Analyzing the case of North Macedonia, a country which was the first in the region to align its constitutional and legal framework with the European standards and requirements, this paper covers the second dimension of the judicial culture, namely its (in)compatibility with judicial self-governance. Basing the argumentation on the main features of the judicial culture in North Macedonia as detected in the previous round of research, this paper analyzes how wide is currently the gap between the formal rules and the institutional structure, as perceived through the establishment and functioning of the Judicial Council of North Macedonia (JC) as an essential part of the so-called European model of judicial independence, and the informal practices and perceptions within the judicial culture.
It will be argued, on the one hand, that the malign political influence in the judicial governance still persists, it deteriorates the already low level of trust in the overall judiciary, and it negatively affects the meritocracy in the judiciary generally discouraging and demotivating many judges. On the other hand, resulting from this, there is an existing situation in which there is a widespread fear and distrust among judges in the JC because it is perceived as safeguarding the political interests in the judiciary instead of judicial independence. This perception coupled with the low level of awareness of judicial independence and existing clientelism leads to a general apathy and passivity in the judiciary making it even more vulnerable to different forms of external and internal threats to its independence. In a nutshell, under the circumstance of the existing judicial culture in North Macedonia, judicial autonomy did not translate into judicial independence since it is not accompanied by pertinent changes and transformation of the judicial culture. Thus, the introduction of judicial self-governance has led to a situation under which the judiciary is being separated but not independent from the other branches of power resulting in a lack of genuine judicial ownership over the process of judicial governance.
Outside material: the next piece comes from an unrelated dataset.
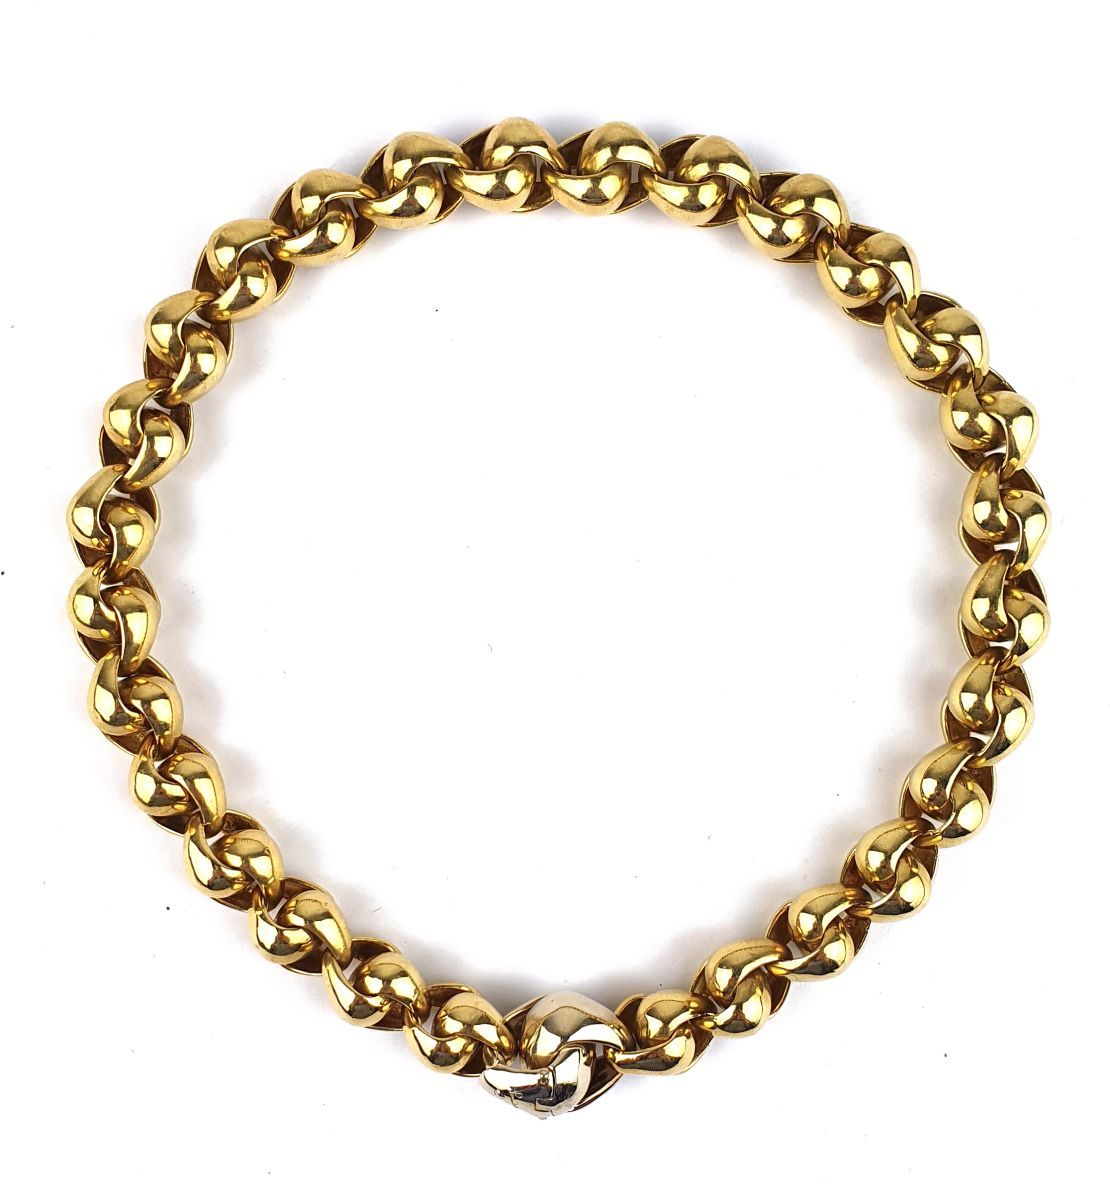 POMELLATO An 18k yellow gold necklace by Pomellato.

The argument in this paper will be developed in three subsequent sections combining a theoretical overview, comparative analysis with some of the Central and Eastern European countries (CEEC) sharing a similar legacy of judicial culture, qualitative research through elite semi-structured interviews and quantitative data. The first section will discuss the EU’s approach towards judicial independence as part of the enlargement policy and detect the main shortcomings. The second section will explain the current state of the constitutional and legal framework in North Macedonia concerning judicial self-governance. The third section will analyze the gap between the formal rules and informal practices when it comes to the JC by focusing on two main aspects of this institutions. First, the constitutional mandate and status of the JC will be analyzed. Second, the election and composition of the JC will be in the focus. The paper will end with a summary of the main findings as well as recommendations for addressing and transforming judicial culture in aligning to the requirements of a genuine judicial self-governance.